Activity:
Look for the line with "Objetivo DELE Escolar" in the data below, then reproduce word for word that line and every line after it. Leave out all pictures and add nothing.

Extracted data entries
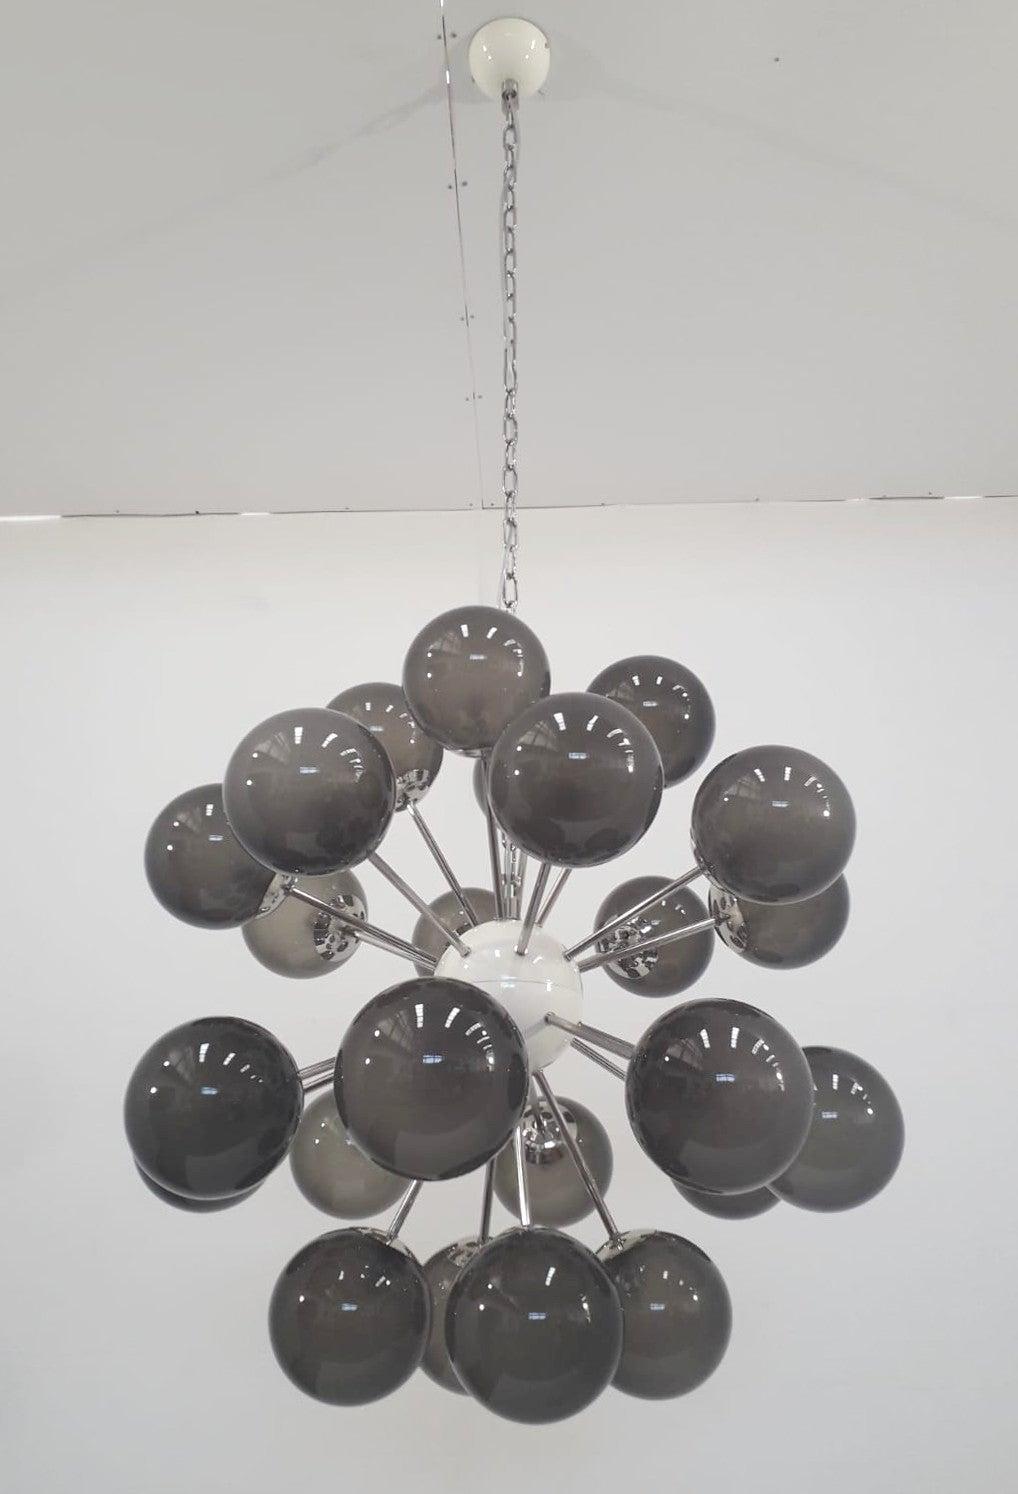 Italienischer Sputnik-Kronleuchter mit 24 Murano-Glaskugeln auf Metallrahmen in poliertem Nickel / Entwurf: Fabio Bergomi für FABIO LTD / Hergestellt in Italien
24 Leuchten / Typ E12 oder E14 / max. 40W pro Stück
Maße: Durchmesser 32 Zoll / Höhe 32
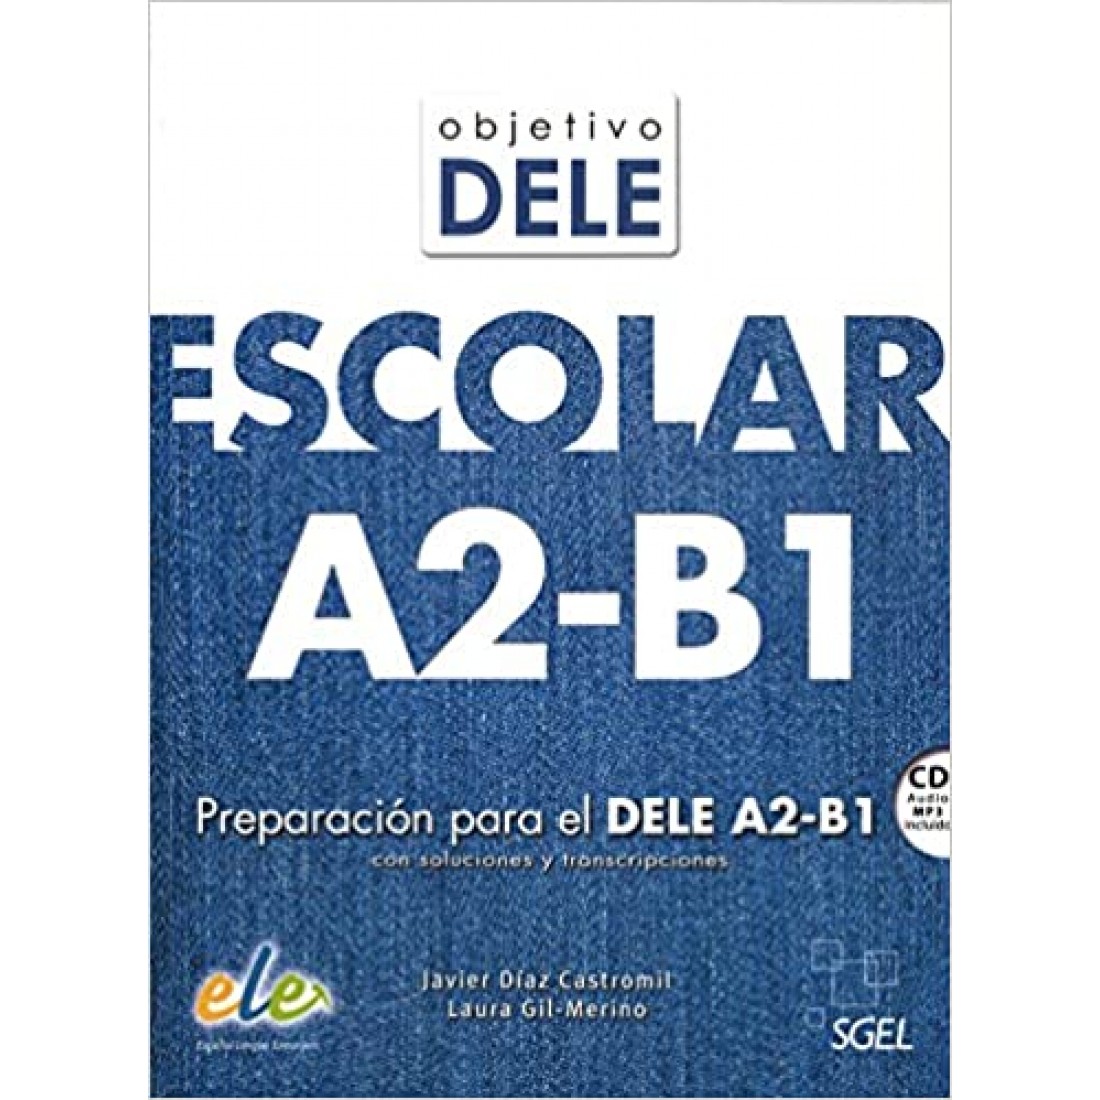 Objetivo DELE Escolar A2-B1: Preparacion Para el Dele A2-B1 Con Soluciones  y Transcripciones
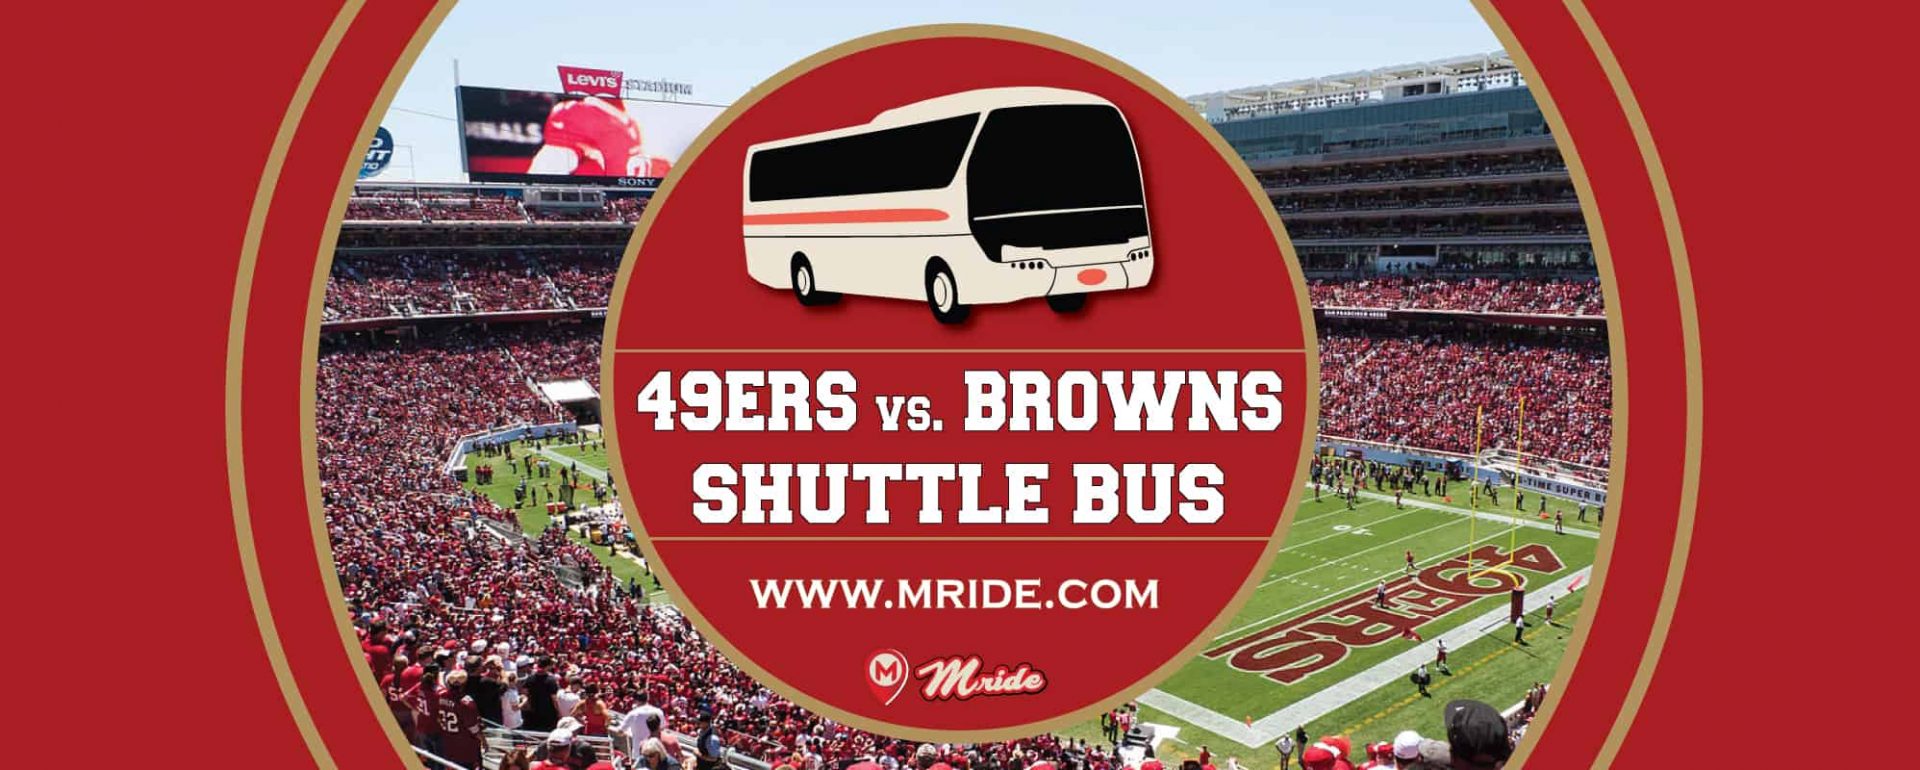 49ers vs. Browns Shuttle Bus
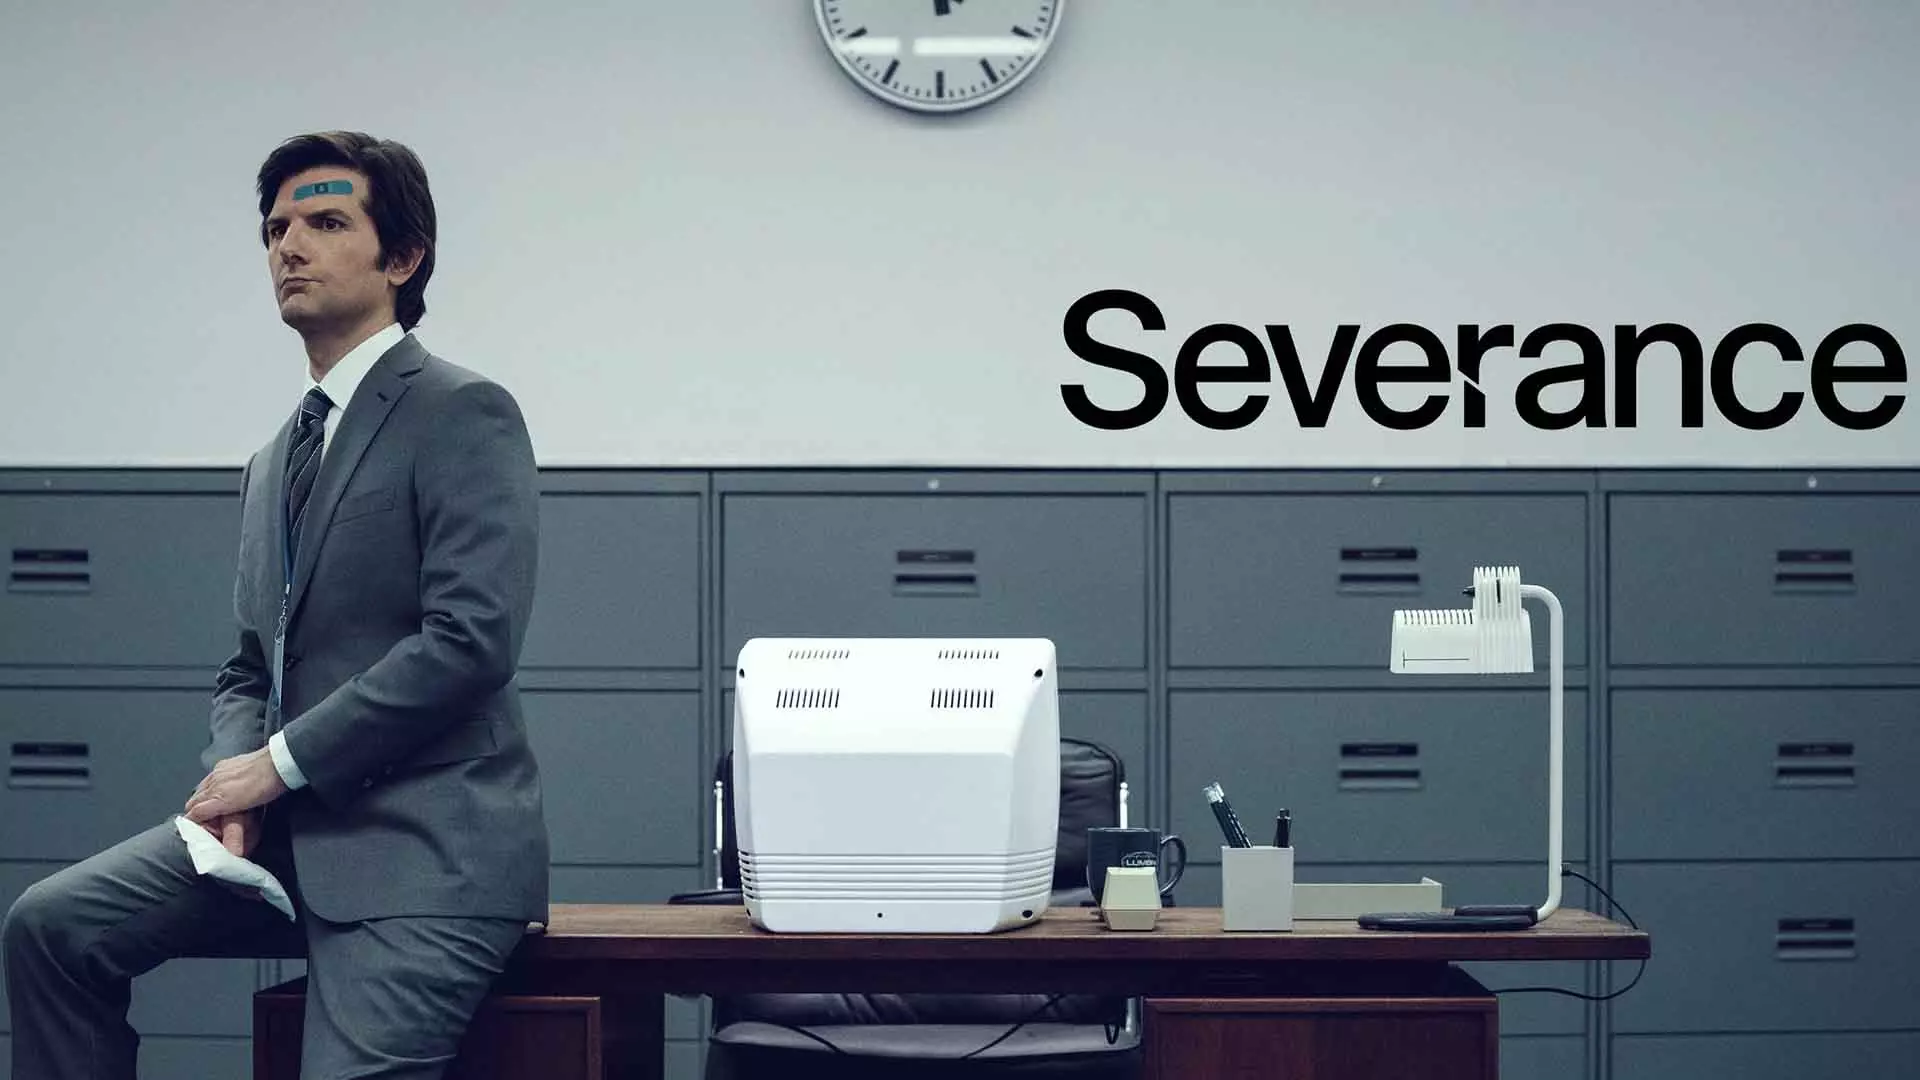 آدام اسکات در پوستر اصلی سریال severance روی میز نشسته است
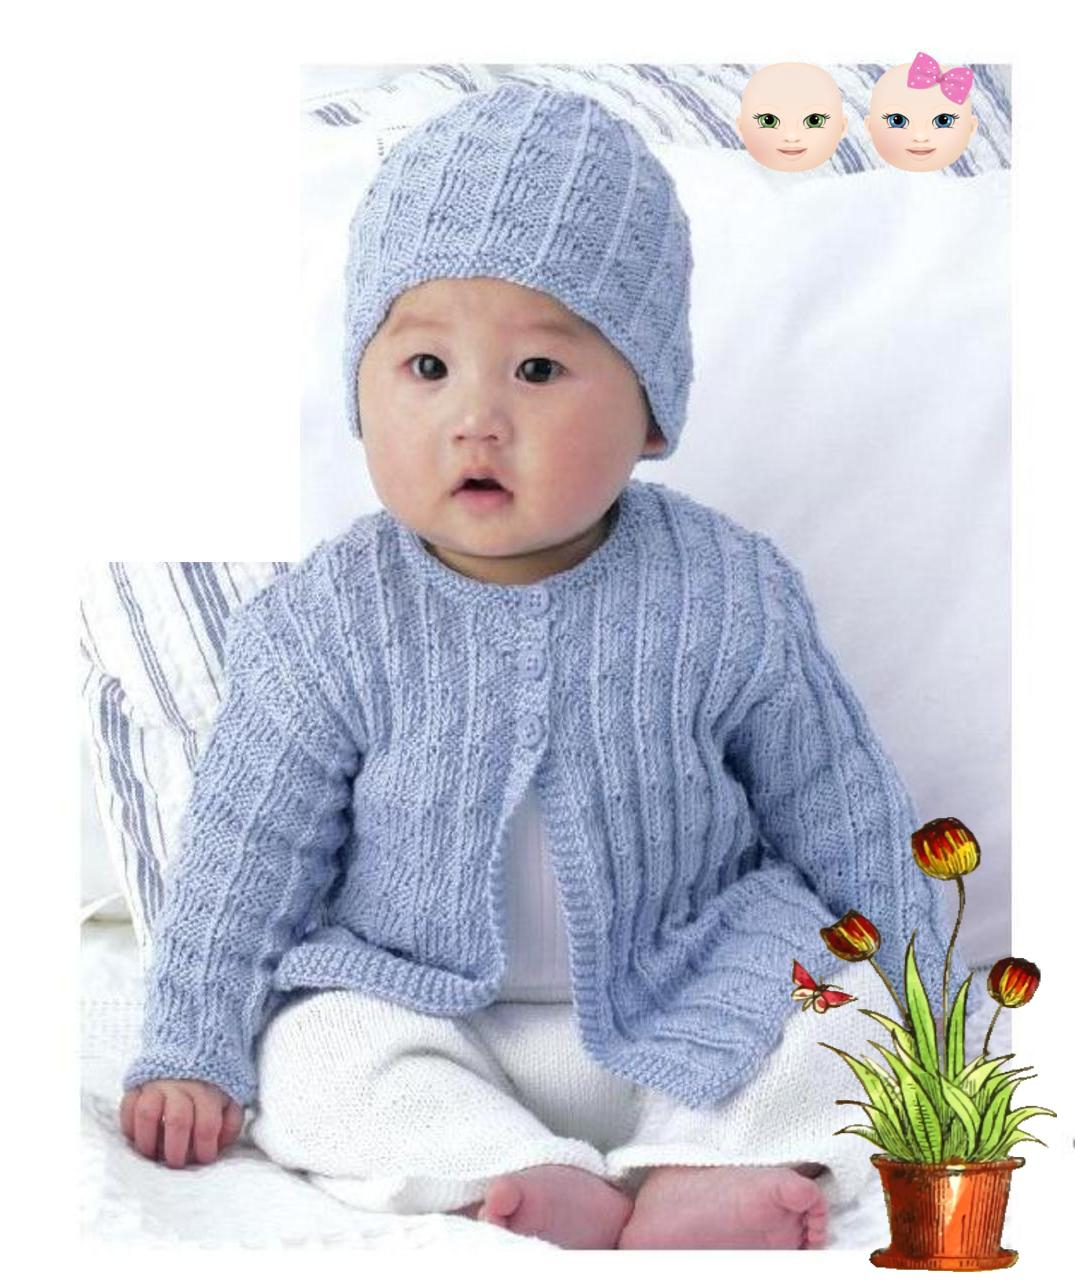 Baby Hoodie Knitting Pattern Free Free Pdf Digital Knitting Pattern Ba Aran Cardigan Jacket Hat

Task output:
 Objetivo DELE Escolar A2-B1: Preparacion Para el Dele A2-B1 Con Soluciones  y Transcripciones
 49ers vs. Browns Shuttle Bus
 آدام اسکات در پوستر اصلی سریال severance روی میز نشسته است
 Baby Hoodie Knitting Pattern Free Free Pdf Digital Knitting Pattern Ba Aran Cardigan Jacket Hat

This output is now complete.